MJA
MJA

Prescribing trends before and after implementation of an antimicrobial stewardship program

Kelly A Cairns, Adam W J Jenney, Iain J Abbott, Matthew J Skinner, Joseph S Doyle, Michael Dooley and Allen C Cheng
Med J Aust 2013; 198 (5): 262-266. || doi: 10.5694/mja12.11683
Published online: 18 March 2013

Abstract

Objectives: Antimicrobial stewardship programs are recommended to reduce antimicrobial resistance by reducing inappropriate use of antimicrobials. We implemented an antimicrobial stewardship program and aimed to evaluate its effect on broad-spectrum antimicrobial use.

Design, setting and participants: Observational study with historical control using interrupted time series analysis conducted in a tertiary referral hospital. Hospital inpatients prescribed restricted antimicrobials for non-standard indications, where approval had expired or without approval.

Intervention: Baseline period of 30 months immediately followed by an 18-month intervention period commencing January 2011.

Main outcome measures: Number and type of interventions made by antimicrobial stewardship team; monthly rate of use of broad-spectrum antimicrobial agents (in defined daily doses/1000 occupied bed-days).

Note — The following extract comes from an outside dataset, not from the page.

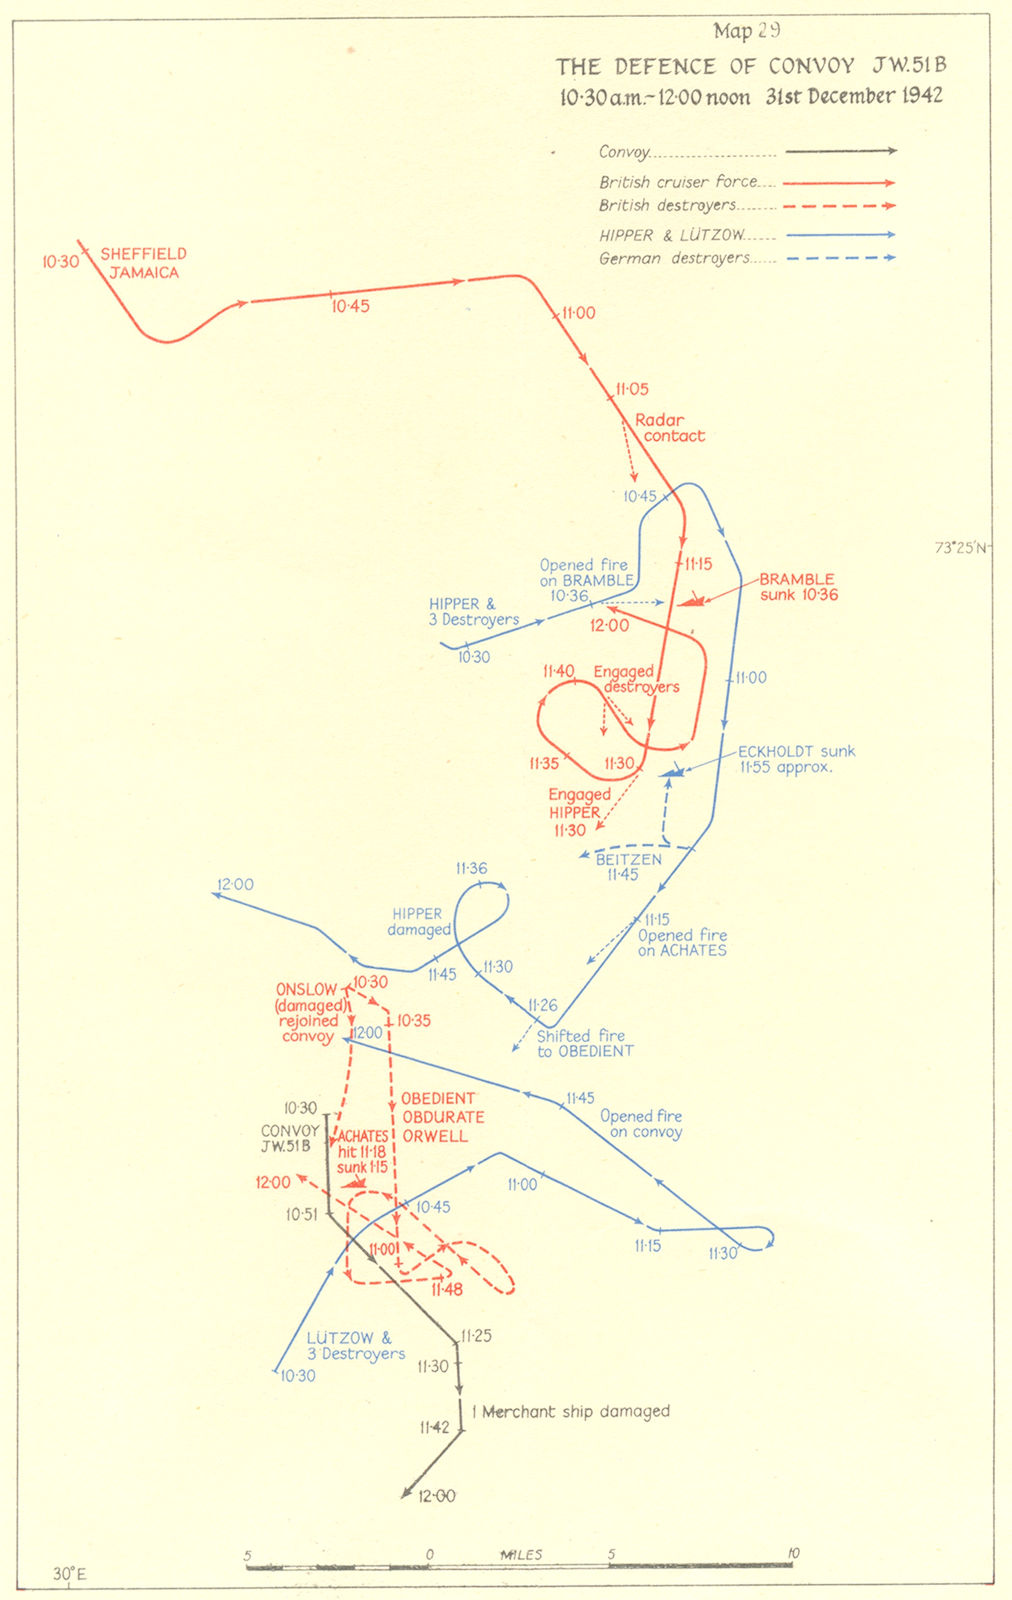 ARCTIC. Defence of Convoy JW 51B 10. 30 am-12. 00 noon 31st Dec 1942 1956 map

Results: The antimicrobial stewardship team made 1104 recommendations in 779 patients during the 18-month intervention period. In 64% of cases, the recommendation was made to cease or de-escalate the antimicrobial therapy, or to change from intravenous to oral therapy. The introduction of the intervention resulted in an immediate 17% (95% CI, 13%–20%) reduction in broad-spectrum antimicrobial use in the intensive care unit and a 10% (95% CI, 4%–16%) reduction in broad-spectrum antimicrobial use outside the intensive care unit. Reductions were particularly seen in cephalosporin and glycopeptide use, although these were partially offset by increases in the use of β-lactam–β-lactamase inhibitors.

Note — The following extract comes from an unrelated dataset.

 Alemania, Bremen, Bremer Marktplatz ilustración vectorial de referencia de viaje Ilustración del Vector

Conclusions: The introduction of an antimicrobial stewardship program, including postprescription review, resulted in an immediate reduction in broad-spectrum antimicrobial use in a tertiary referral centre. However, the effect of this intervention reduced over time.

Up to 50% of antimicrobial agents prescribed to hospital inpatients are considered to be inappropriate,1,2 and this excess use has been associated with increased mortality, adverse drug reactions and the development of resistant bacteria.3,4 The Australian Commission on Safety and Quality in Health Care recently published recommendations for hospital-based antimicrobial stewardship programs.2 A variety of approaches are available to implement these recommendations, including dissemination of guidelines, education, restricting antimicrobial availability and postprescribing audit and review.

We aimed to evaluate changes in antimicrobial prescribing after the implementation of an antimicrobial stewardship program in a specialist tertiary referral hospital.

Methods
Antimicrobial stewardship program

We have previously described the preliminary activities of the antimicrobial stewardship team.5 A web-based antimicrobial approval system (Guidance MS, Melbourne Health) was rolled out from October 20106 and a full-time pharmacist was appointed in January 2011. Before this, authorisation to prescribe restricted antimicrobial agents required approval from infectious diseases (ID) registrars, but auditing had suggested poor compliance. In the new system, online approval could be obtained to use restricted antimicrobials for pre-approved indications that were included in national or local consensus guidelines. Short-term approval was granted for other indications specified by the clinician (non-standard indications). Pharmacists could alert the antimicrobial stewardship team of unauthorised antimicrobial use exceeding 24 hours (pharmacist alerts).

Non-ICU antimicrobial stewardship ward rounds (by the stewardship pharmacist and either an ID registrar and/or an ID physician, on weekdays) commenced in January 2011. Each round comprised a focused review of clinical notes and results of investigations aimed at establishing the indication, planned duration, appropriateness, and alternatives to the use of restricted antimicrobial agents. Recommendations were discussed with the treating team and documented in writing; the final decision regarding patient management was the responsibility of the treating team. Patients who required more in-depth management advice were referred to the ID consult service.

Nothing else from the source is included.